Sema4D knockdown reduces HNSCC-mediated endothelial cell chemotaxis and HNSCC tumor growth and vascularity. (A) Immunoblot analysis for Sema4D on cell lysates (S4D: lysate) and serum-free medium (CM) conditioned by the indicated cell types transfected with vector control (−) or Sema4D shRNA (+) (Top and Middle). Tubulin was used as a lysate loading control (Bottom). (B) Serum-free media conditioned by control (−) or Sema4D shRNA (+) transfected HNSCC cells were used as the chemoattractants for HUVEC in migration assays. Ten percent FBS and 0.1% BSA served as positive and negative controls. (C) The HNSCC cells HN12, UMSCC 11B, Cal27, and Hep2 were infected with control lentiviruses or lentiviruses coding for Sema4D shRNA and injected s.c. into nude mice.

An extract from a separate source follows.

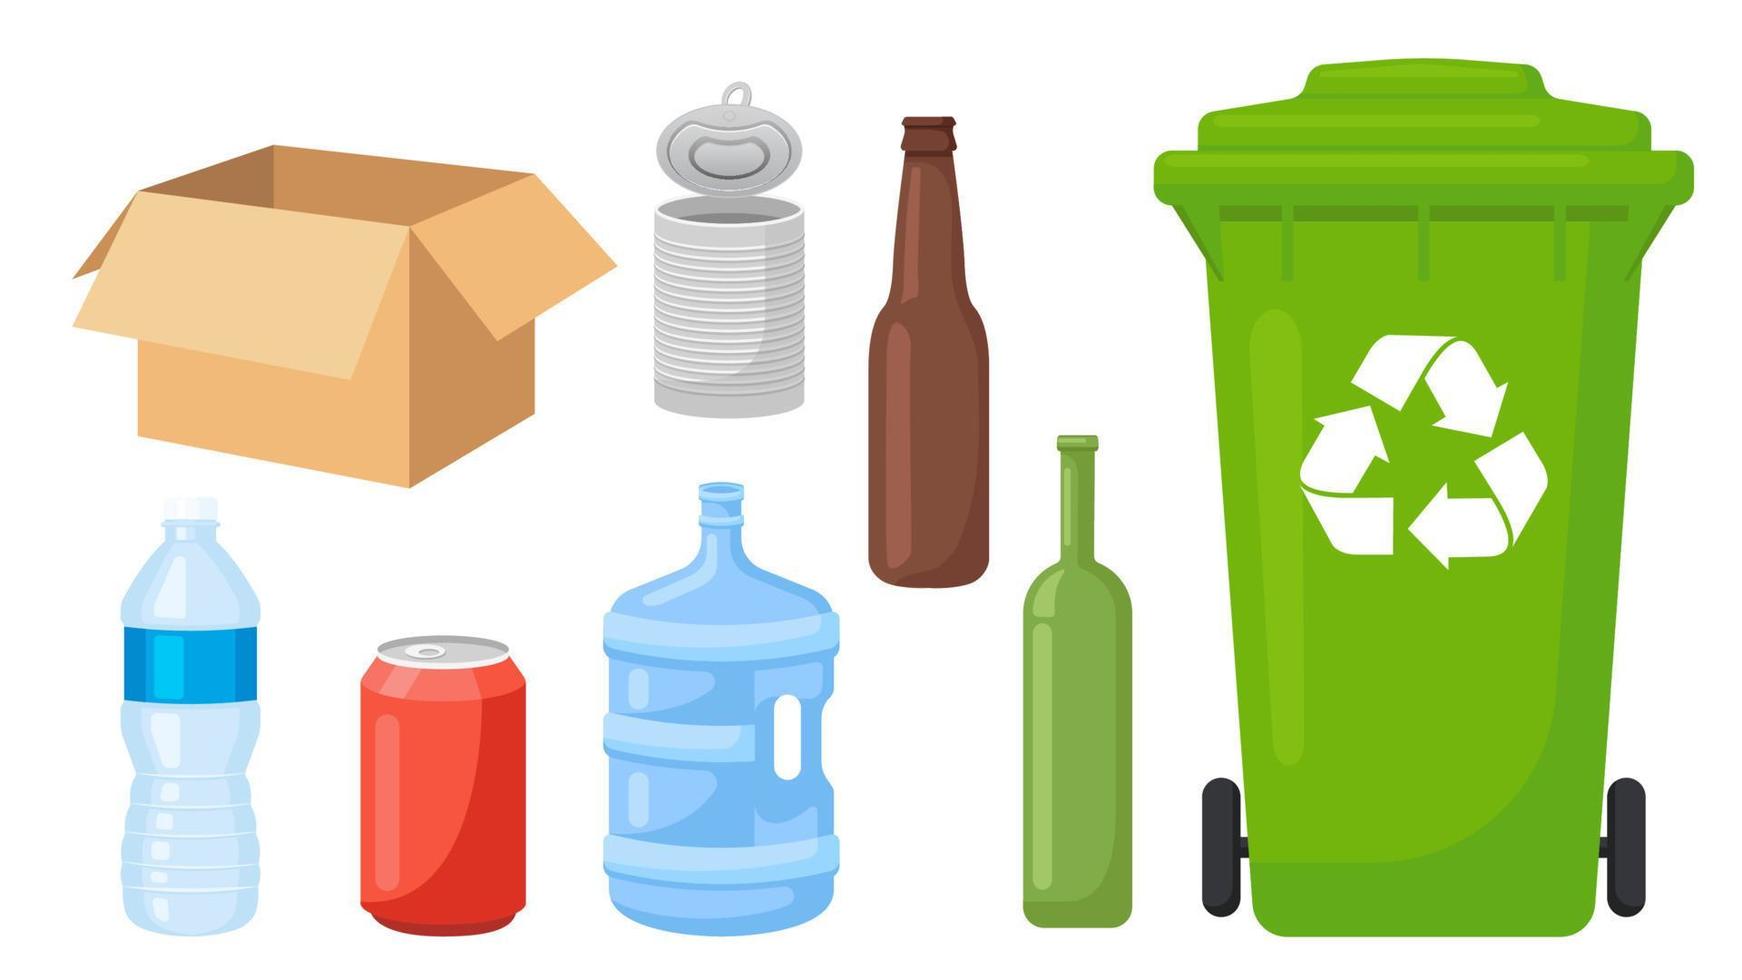 verzameling reeks van gerecycled vuilnis voorwerp uitschot bak plastic fles papier doos kan glas fles vector

The results of tumor volume measurement from each day of the experiment are shown (n = 10). (D) Representative tumors derived from HN12 cells infected with EGFP or Sema4D lentiviruses are shown at the time of killing. (E) Tumors derived from HN12 cells infected with a control lentivirus (C, Left) and tumors from Sema4D shRNA-infected cells (S4D shRNA, Right) are shown in hematoxylin- and eosin-stained sections (H&E). Enhanced blood vessel infiltration is seen in tumors derived from control HN12 cells compared with tumors derived from Sema4D shRNA-infected cells (CD31). Tumors of HN12 cells infected with control lentiviruses also exhibit much higher levels of Sema4D staining compared with Sema4D shRNA-infected cells (S4D). (F) The number of vessels per 10 high-power fields in CD31-stained xenografts derived from Sema4D shRNA- and control-infected HNSCC cells was counted and averaged.